Monster Hunter first launched on PlayStation 2 in 2004. The series has hopped around to various platforms but hasn’t been on a console for nearly a decade. That means many console players won’t be familiar with it when Monster Hunter: World launches on Jan. 28, 2018.
In these games, players control hunters who travel the world, seeking out sizable beasts to slay. Killing a monster yields all kinds of resources you can use to craft more powerful weapons and armor. This new gear makes you better equipped to venture further into the wilderness to find bigger beasts to slay, at which point the process begins again. It all amounts to a winning gameplay loop that has fueled over a dozen Monster Hunter games and spinoffs over the years.
The problem is, the series has become so complicated, with loads of weapons and systems and play styles, that it can be hard for newcomers to find a foothold. That’s where Adopt-A-Hunter comes in. In this fan-made community, series veterans and newcomers can register to be paired up on a one-on-one basis. The program even accounts for participants’ preferred language.

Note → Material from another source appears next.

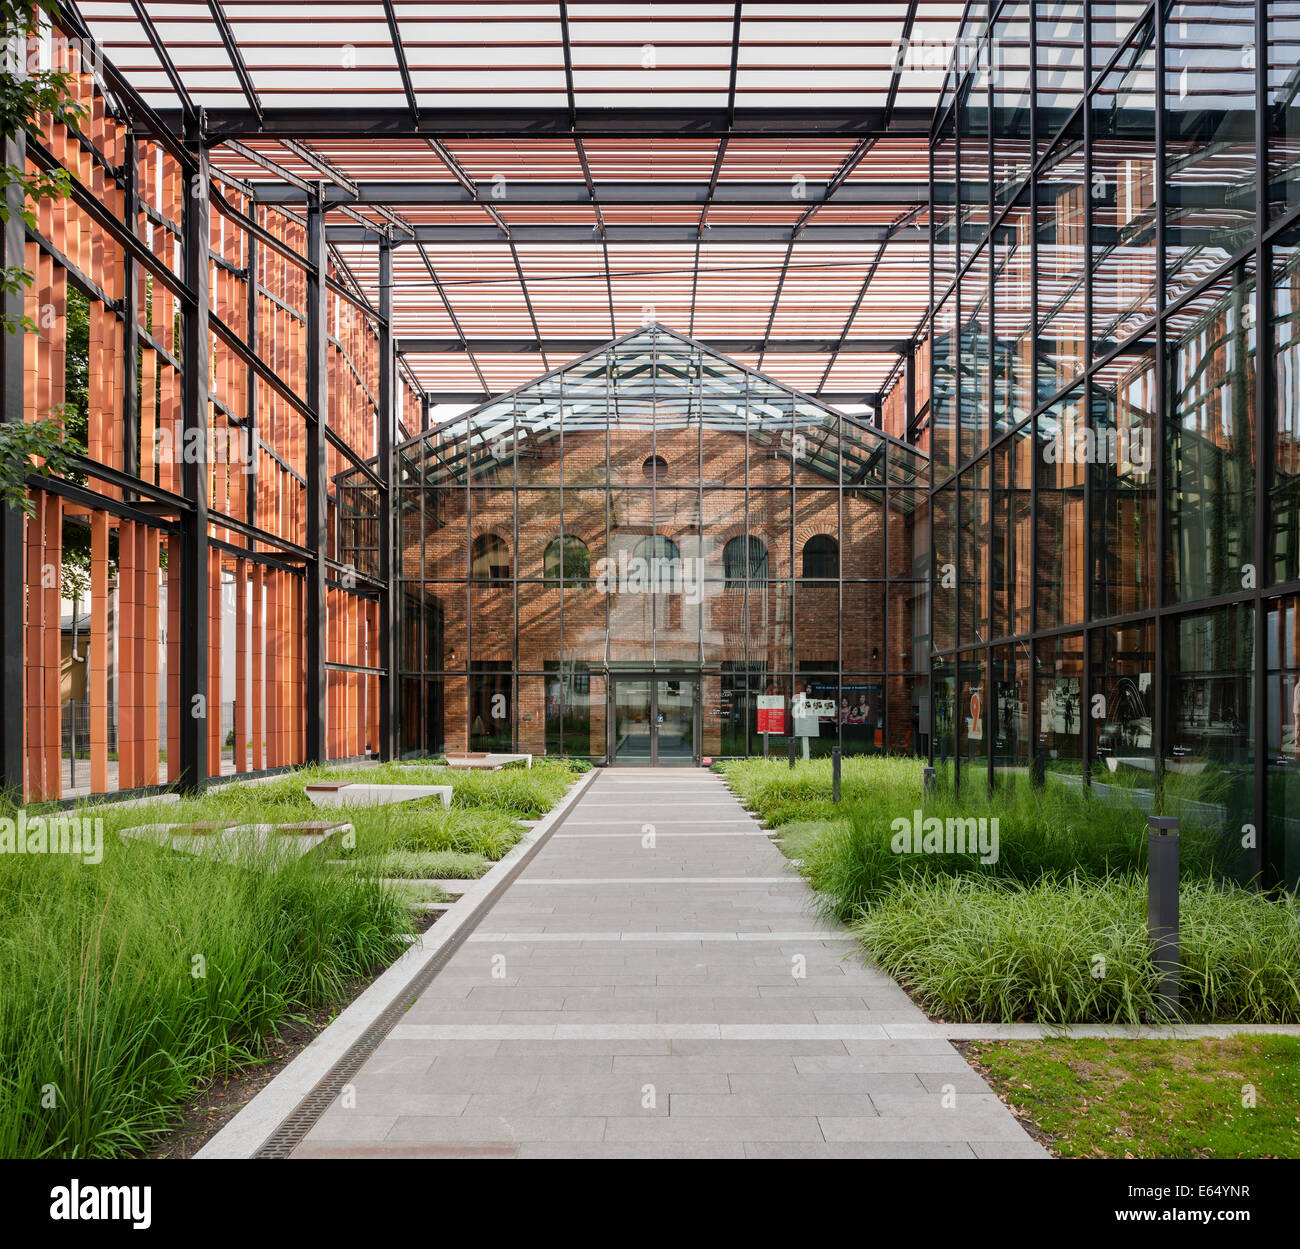 Garden Of Art: The Malopolska Garden Of Arts, Krakow, Poland. Architect
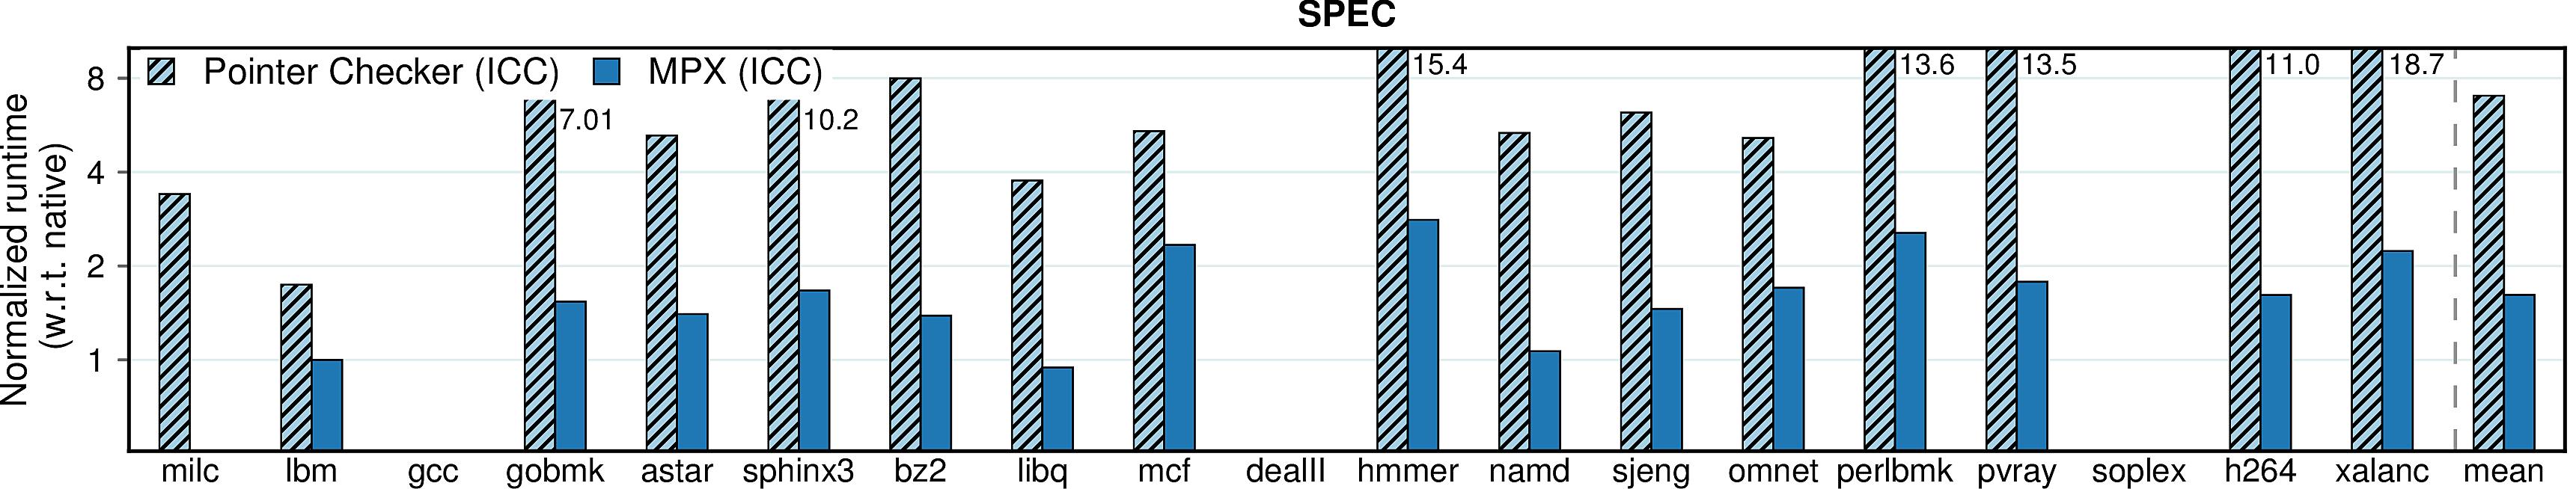 Runtime overhead of Pointer Checker (SPEC)

The programs’ FAQ page offers more information, including reassurances that players will be happy with their assigned partner. If either player wants to bail for any reason, they’ll be assigned a new partner—no questions asked.
Assuming all goes according to plan, this sounds like a fantastic way for veterans to help ease new Monster Hunter players into a prohibitively deep game. If every gaming community were this helpful and supportive, the world would be a better place.